__What the exercise asks__.
Ignoring the pictures, copy the data exactly.

__Raw data__.
::::::::
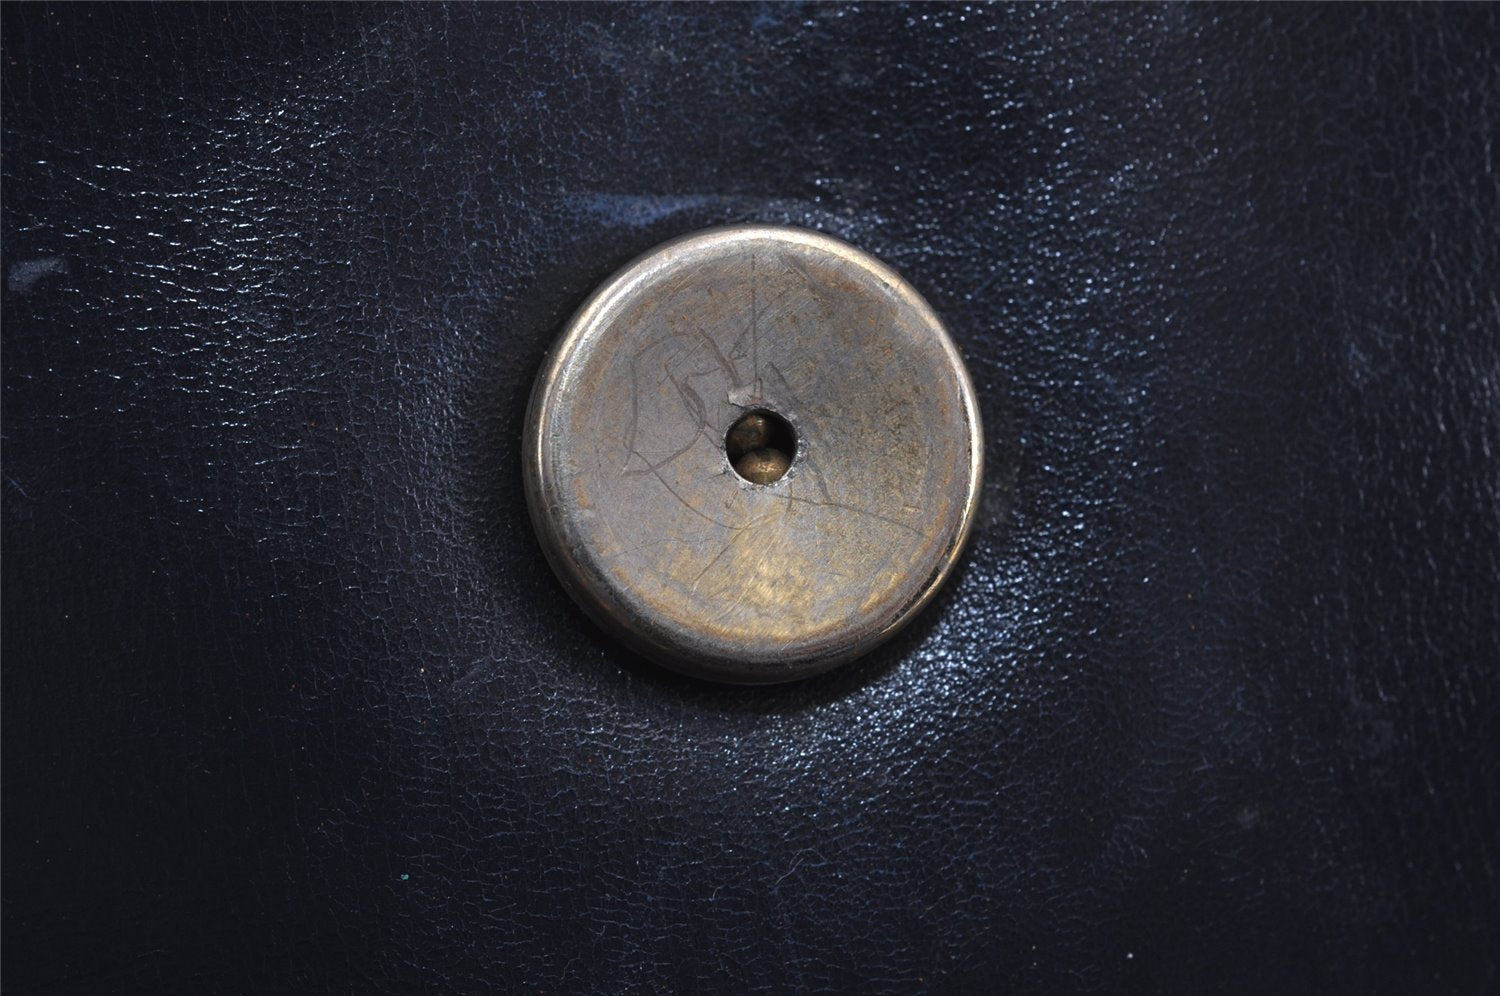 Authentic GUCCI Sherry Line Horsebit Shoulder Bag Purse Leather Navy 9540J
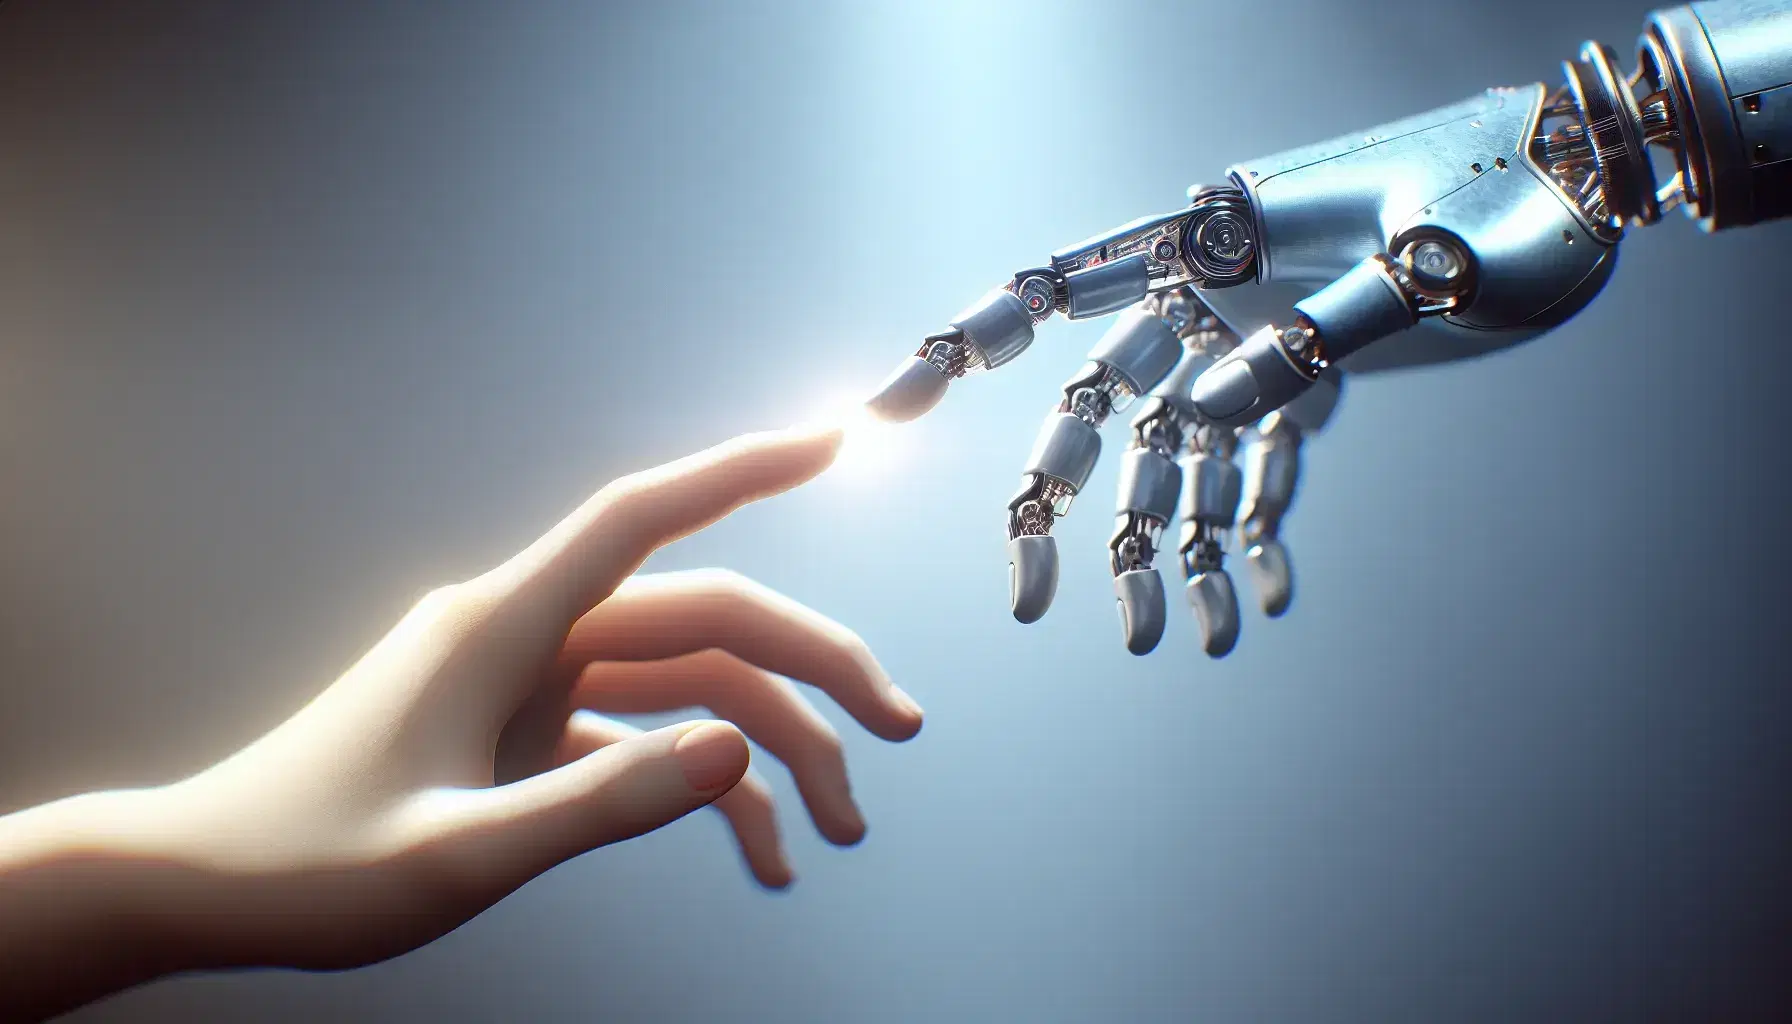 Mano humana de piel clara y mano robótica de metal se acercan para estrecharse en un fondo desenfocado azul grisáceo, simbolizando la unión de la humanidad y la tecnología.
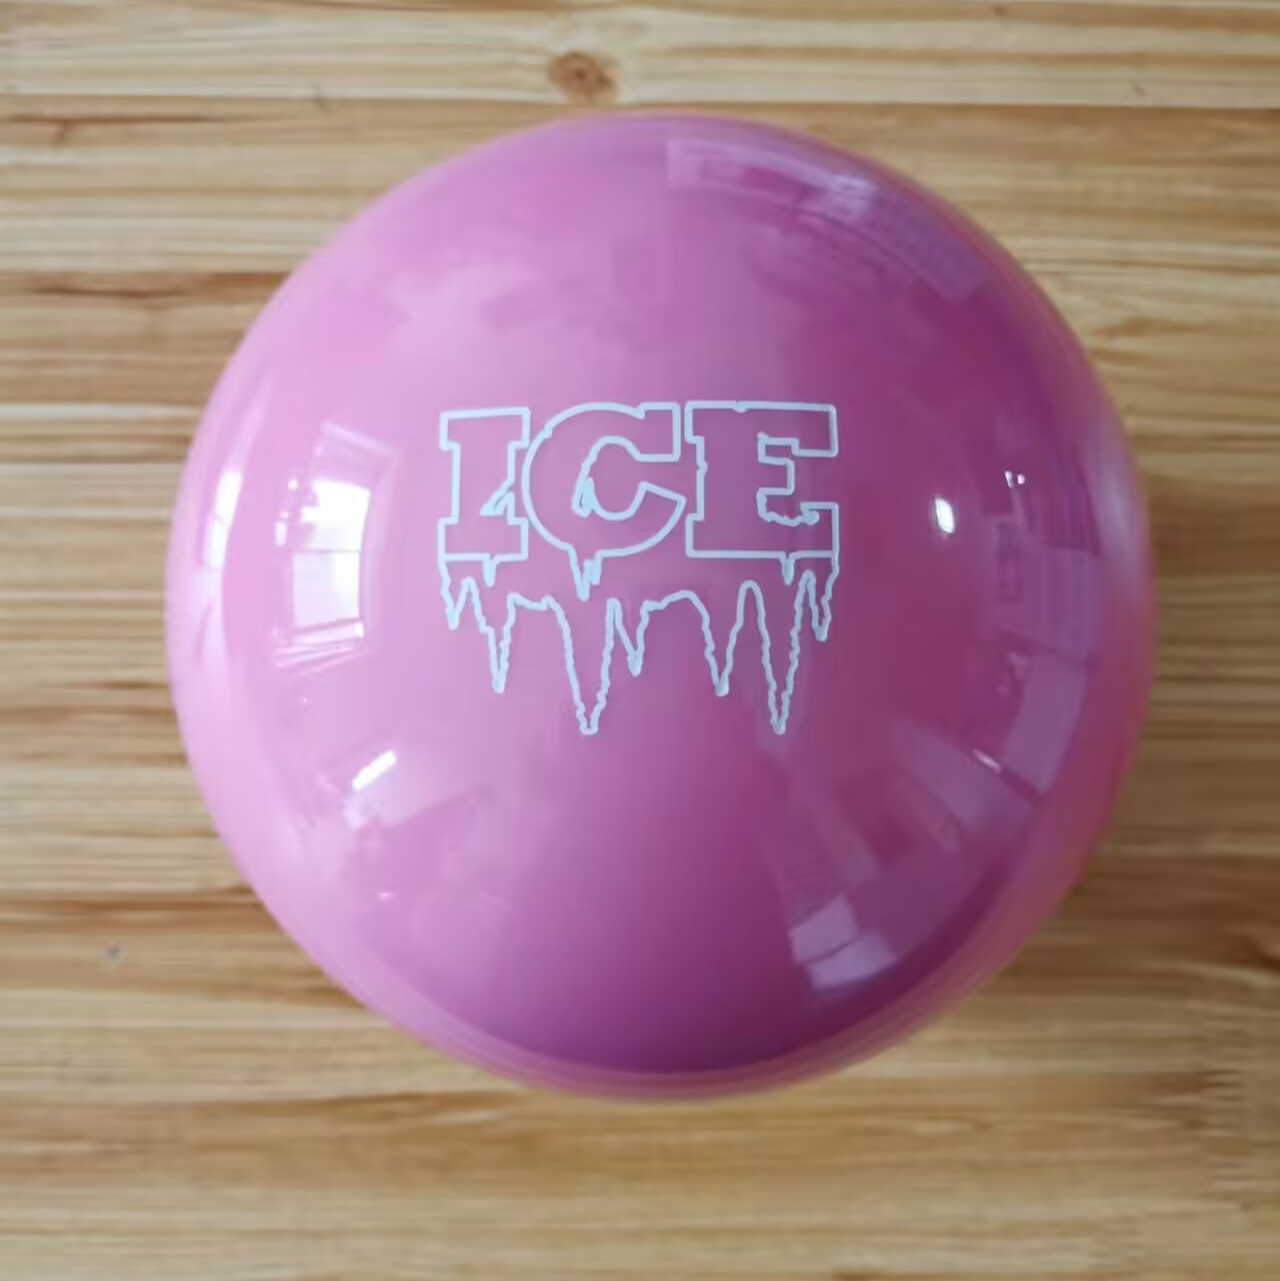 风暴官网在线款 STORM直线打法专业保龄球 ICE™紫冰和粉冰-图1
::::::::
__Task solution__.
 Authentic GUCCI Sherry Line Horsebit Shoulder Bag Purse Leather Navy 9540J
 Mano humana de piel clara y mano robótica de metal se acercan para estrecharse en un fondo desenfocado azul grisáceo, simbolizando la unión de la humanidad y la tecnología.
 风暴官网在线款 STORM直线打法专业保龄球 ICE™紫冰和粉冰-图1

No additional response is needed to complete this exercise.